Data below -
═══
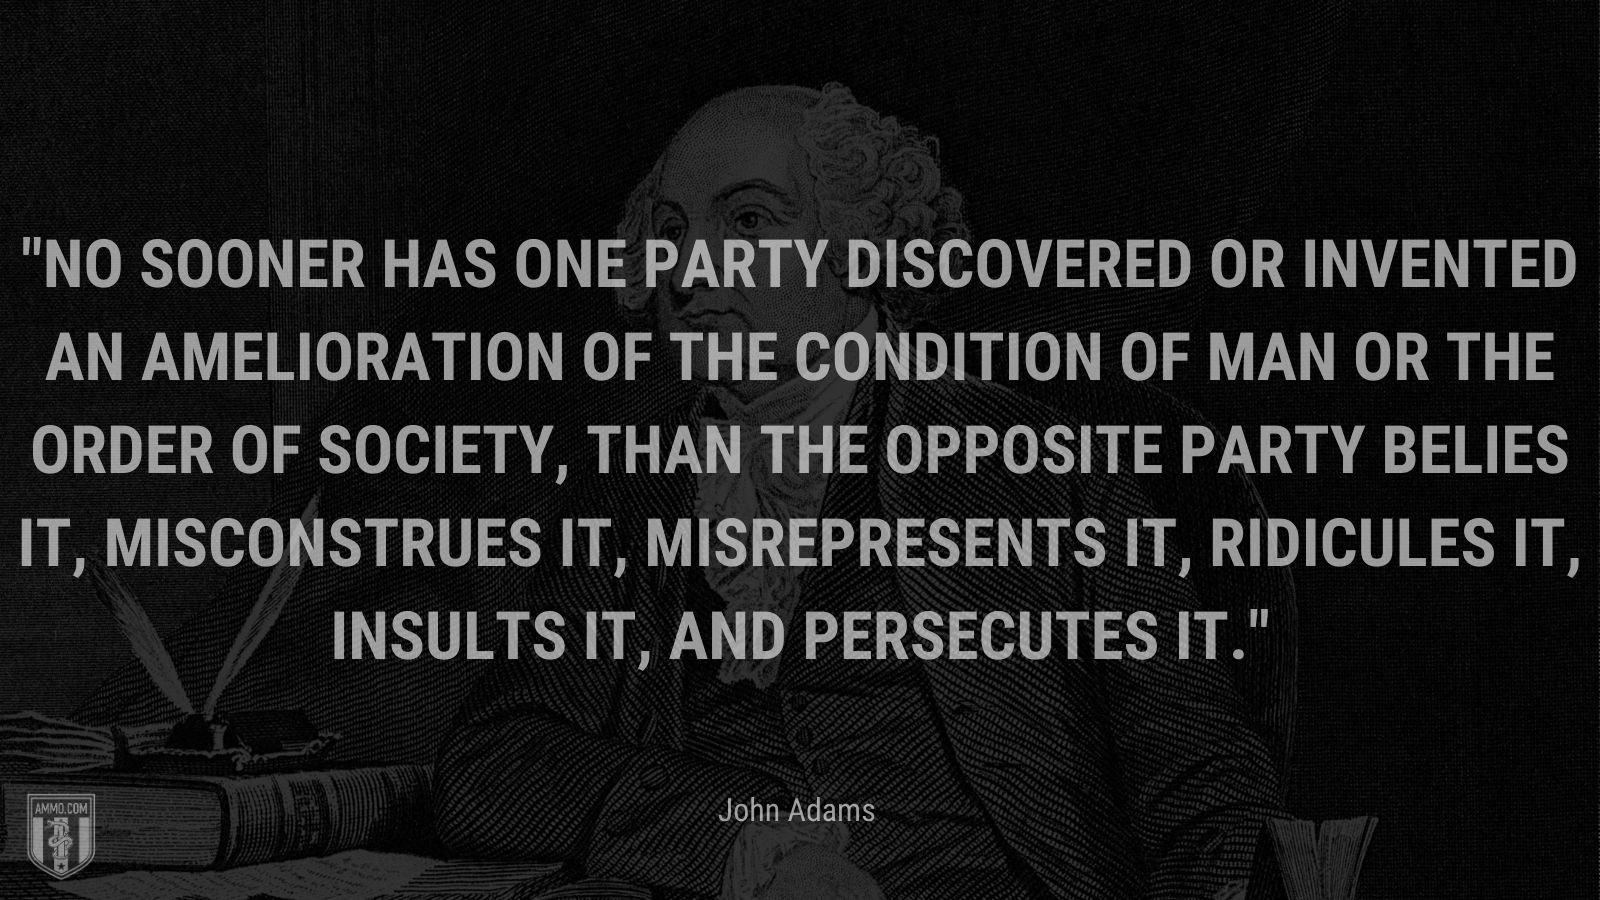 “ No sooner has one Party discovered or invented an Amelioration of the Condition of Man or the order of Society, than the opposite Party belies it, misconstrues it, misrepresents it, ridicules it, insults it, and persecutes it.” - John Adams
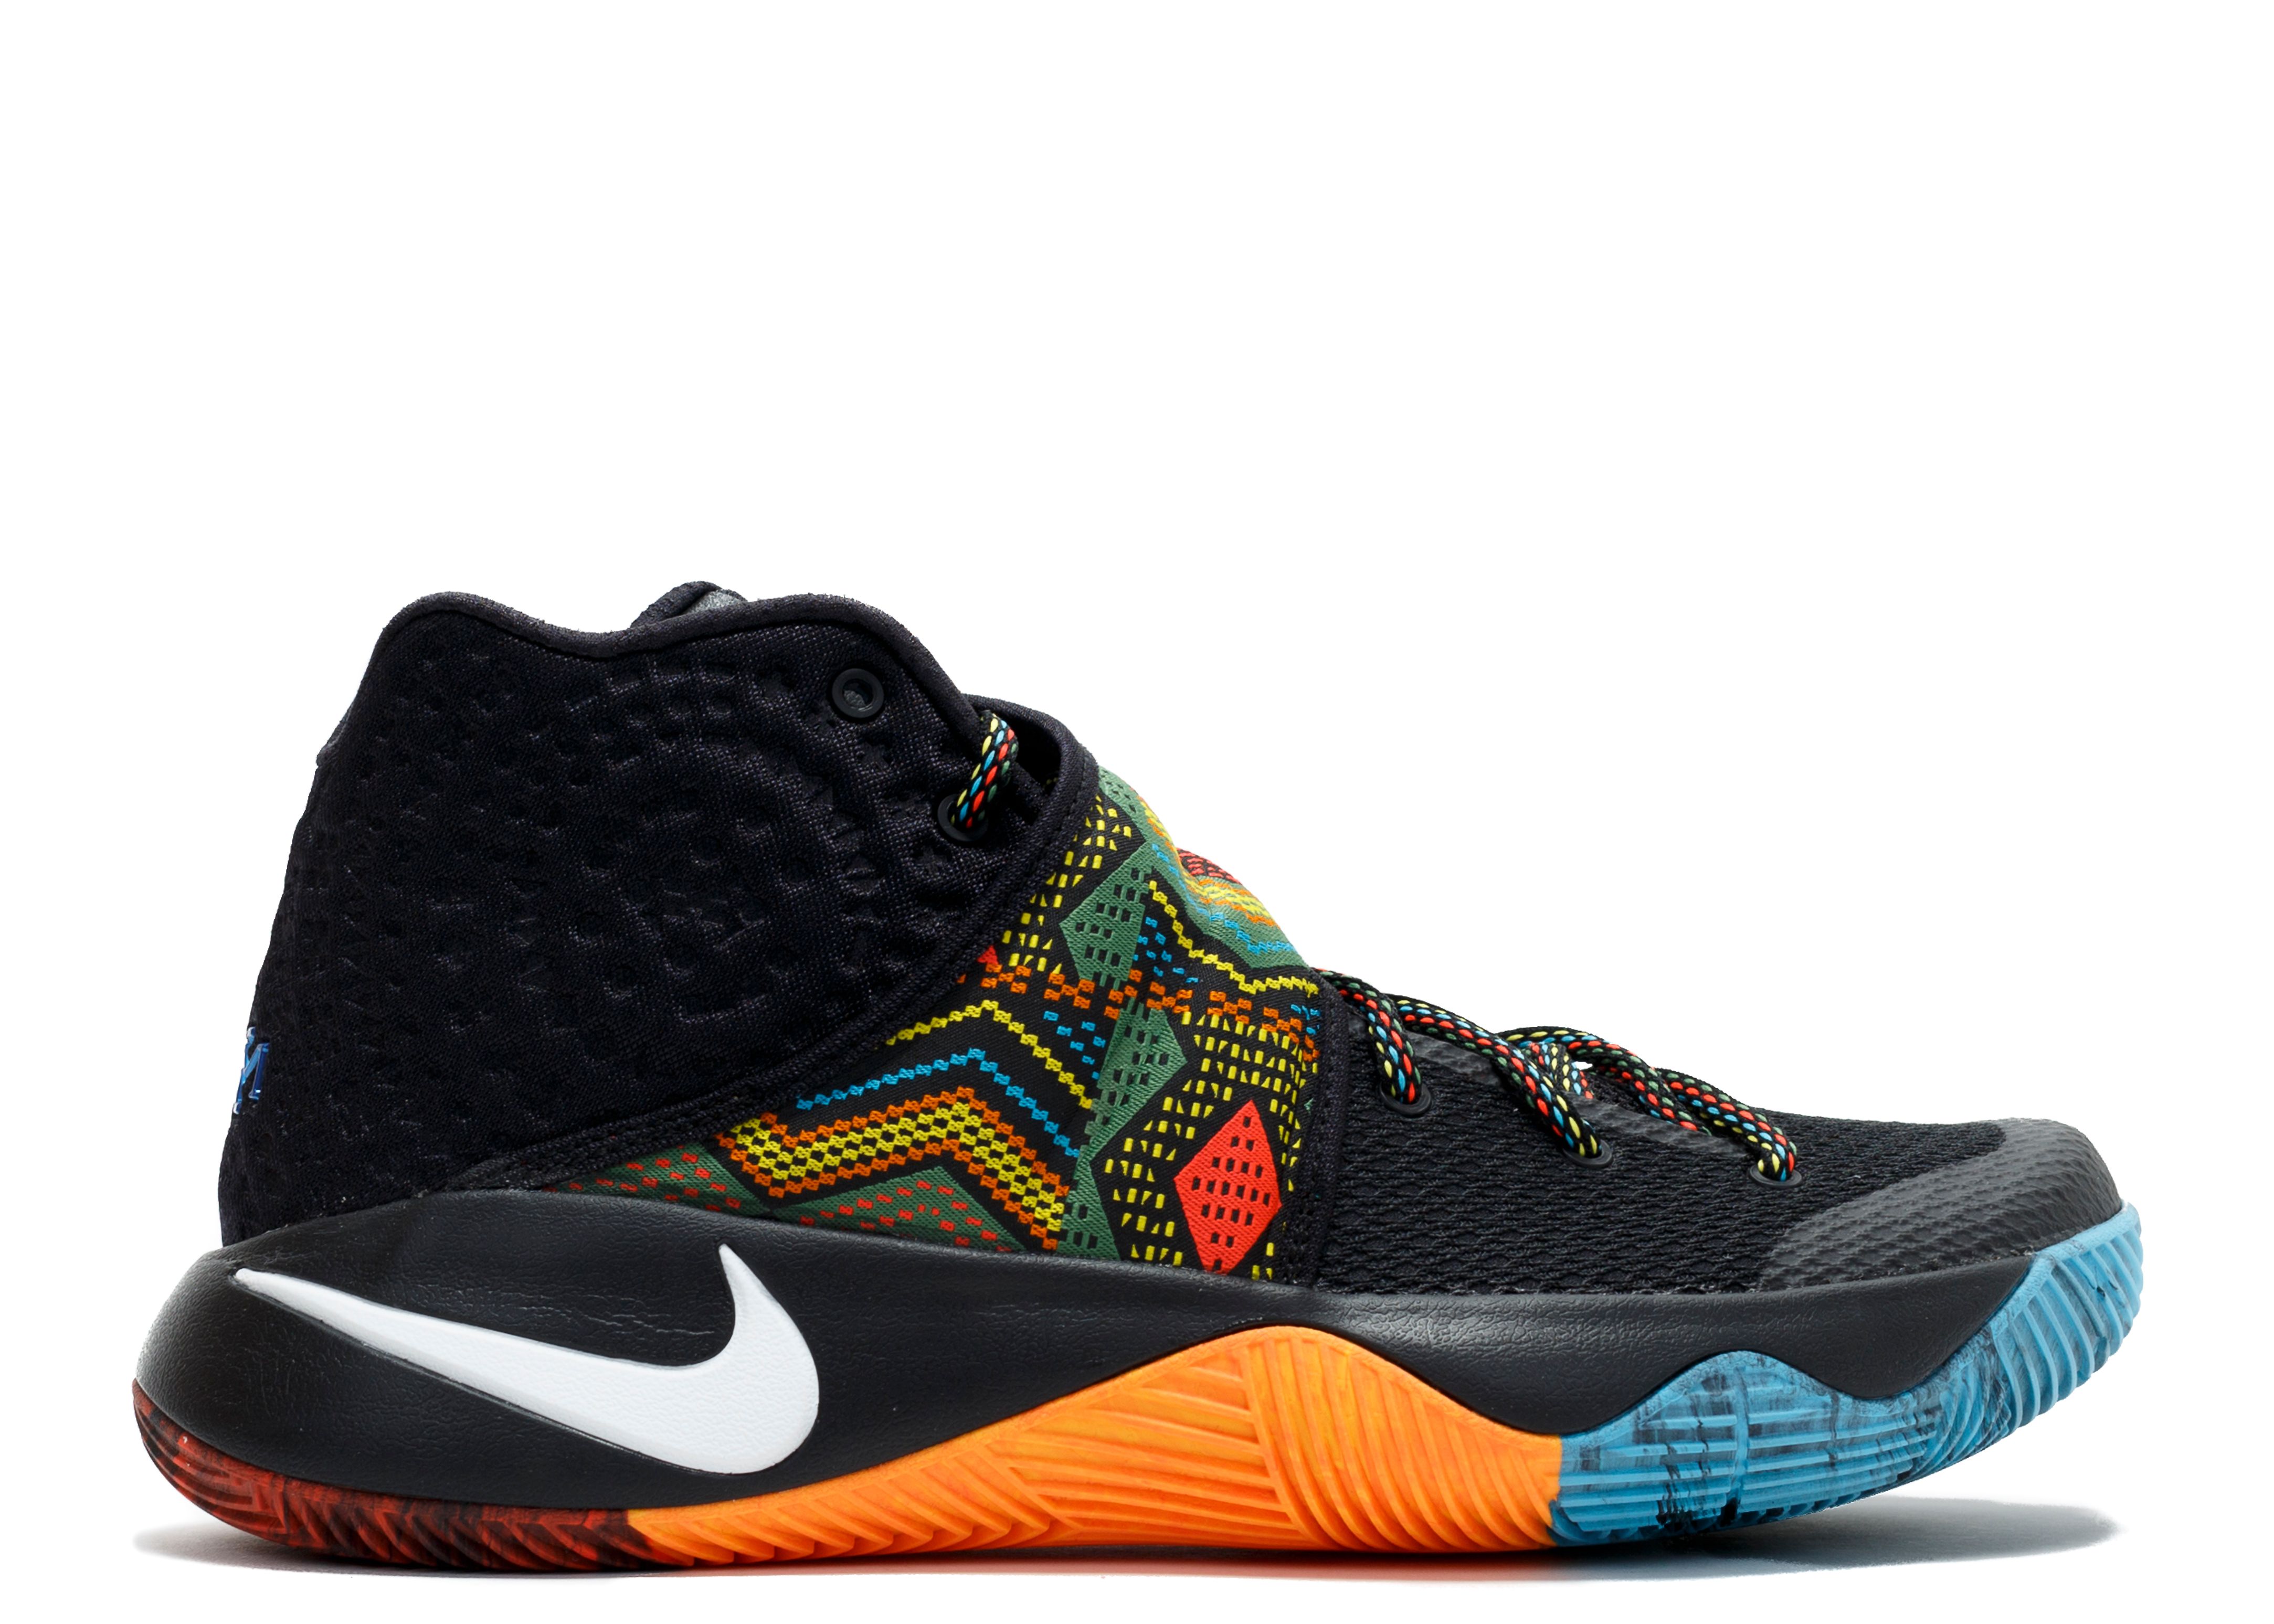 kyrie irving 2 shoes 2016
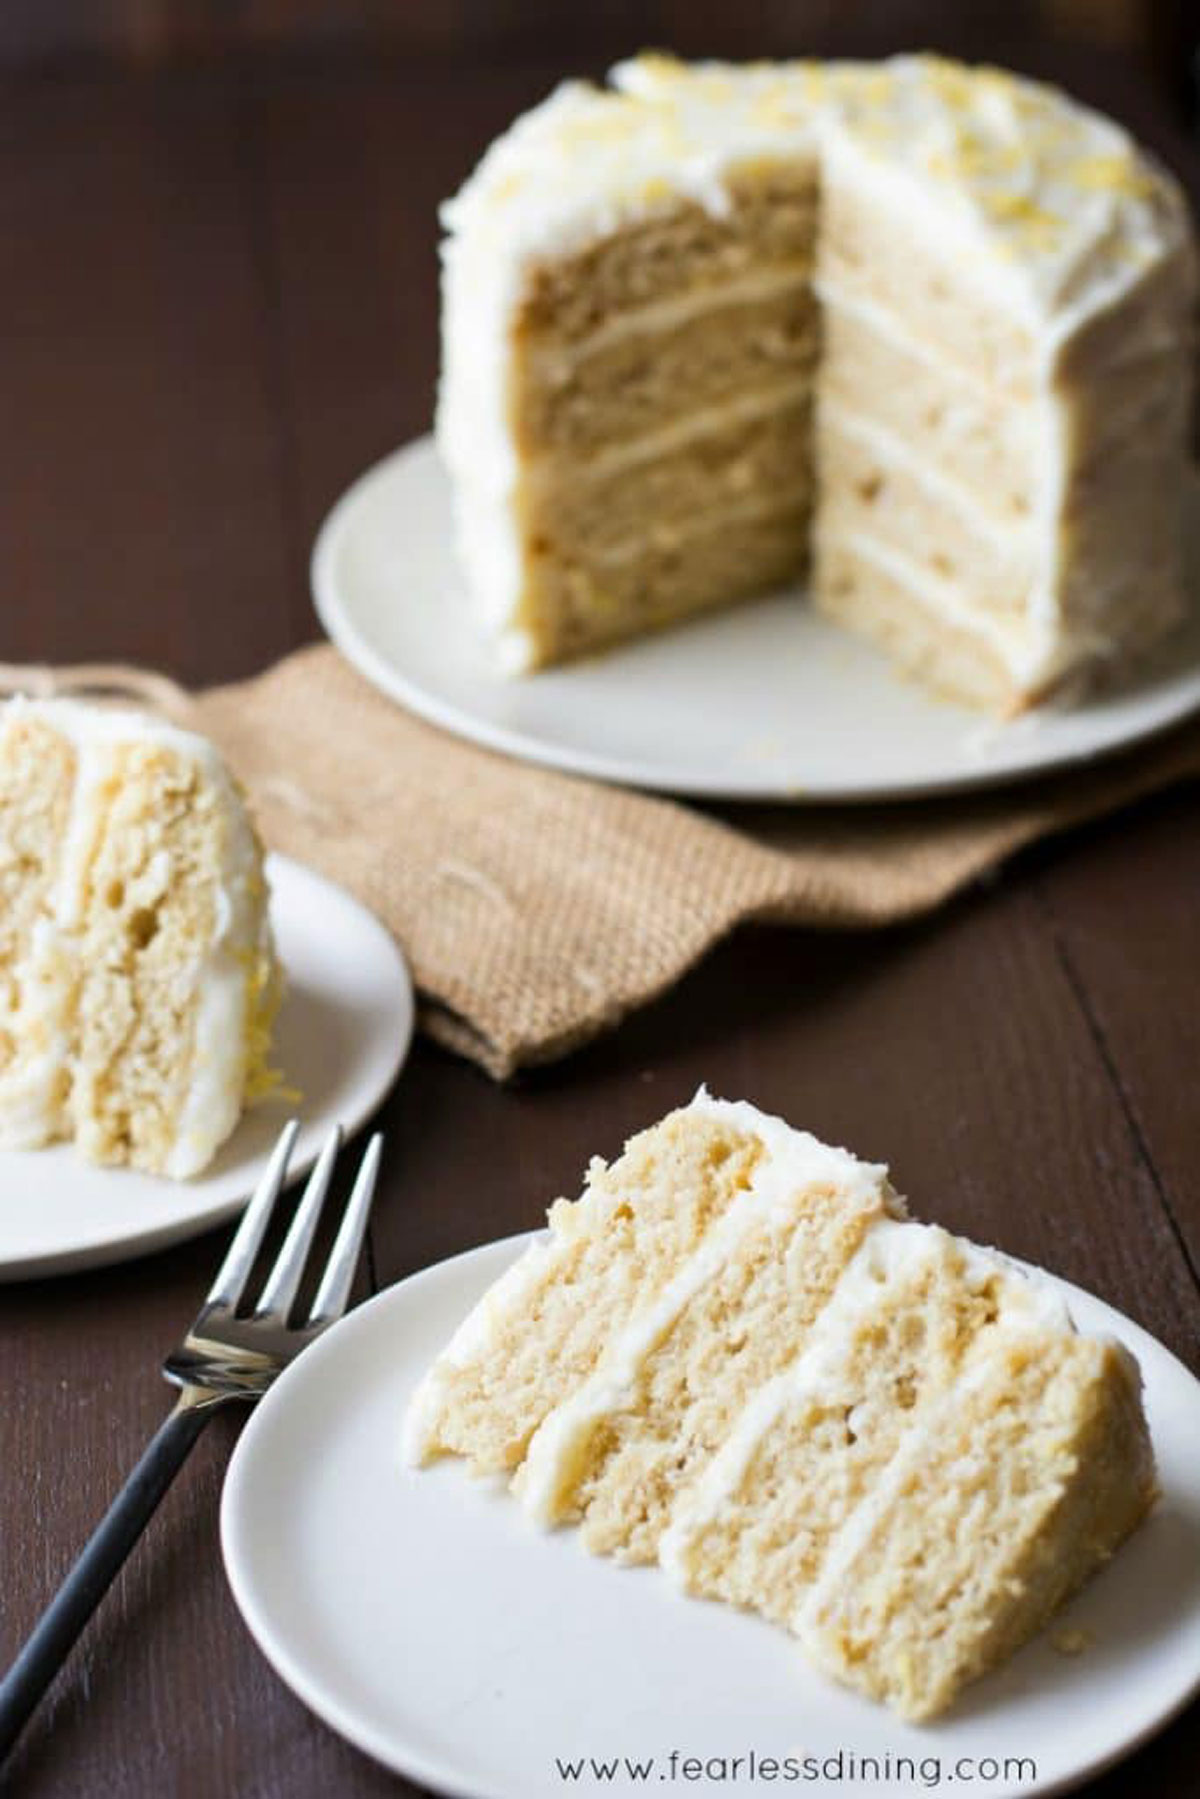 Two slices of lemon cake on plates.
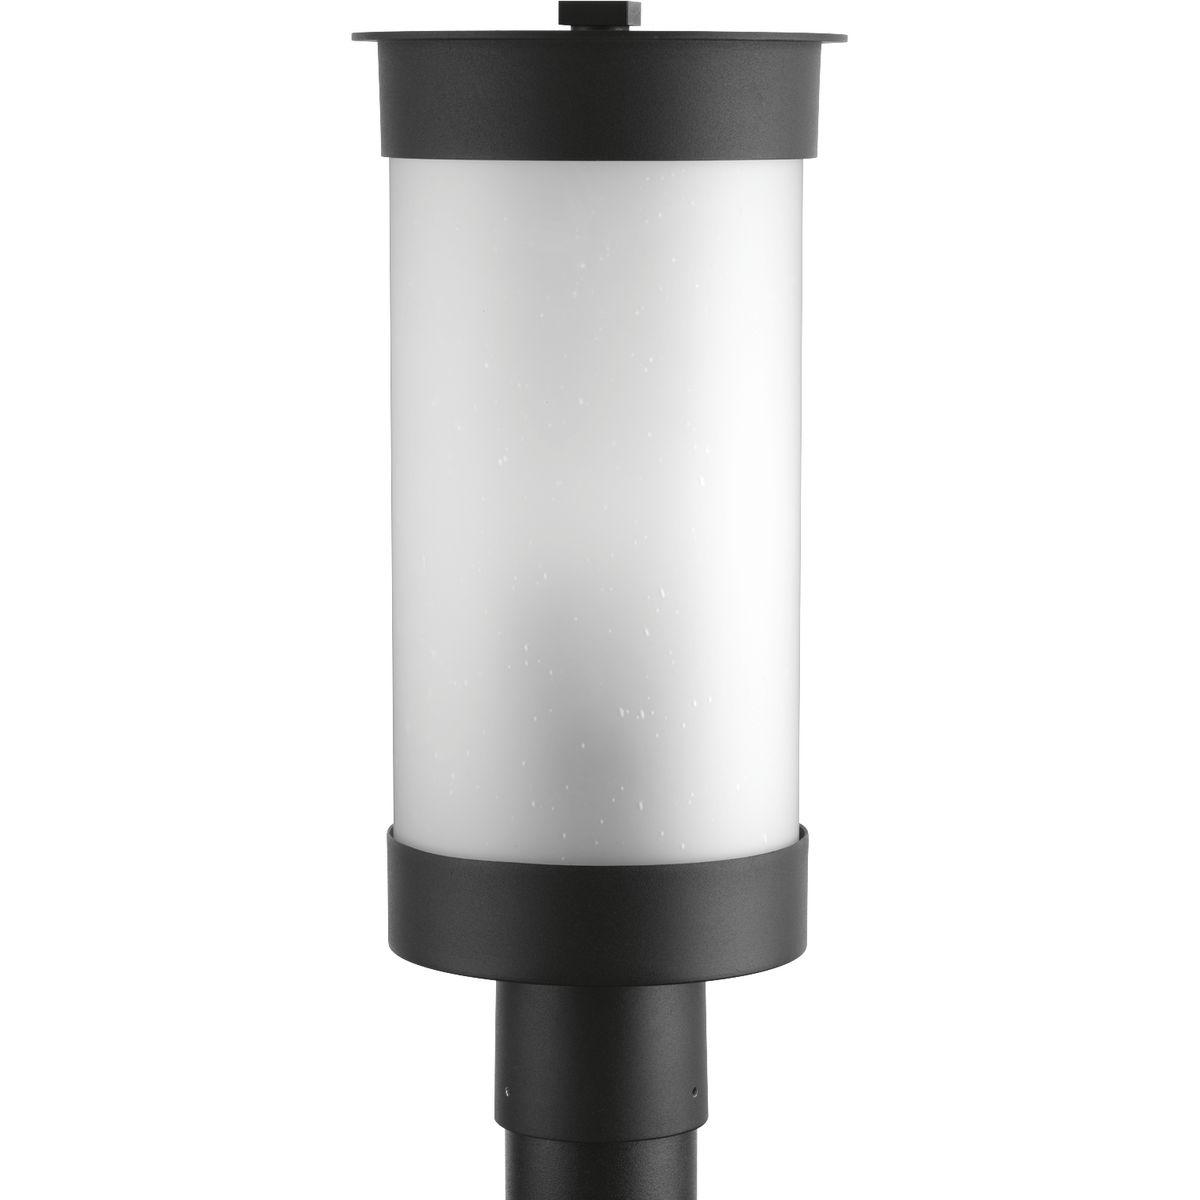 Hubbell P5413-31 The Hawthorn outdoor lantern collection takes a modern approach to the popular Prairie design style. Two-light cast aluminum post in a Black finish with etched seeded glass.  ; Takes a modern approach to the popular Prairie design style. ; Black finish. ;
═══
About this exercise - Please write out, exactly, every line from the line with "Two slices of lemon cake on plates." through the final line of the data above, leaving out pictures.

Output of the task -
 Two slices of lemon cake on plates.
 Hubbell P5413-31 The Hawthorn outdoor lantern collection takes a modern approach to the popular Prairie design style. Two-light cast aluminum post in a Black finish with etched seeded glass.  ; Takes a modern approach to the popular Prairie design style. ; Black finish. ;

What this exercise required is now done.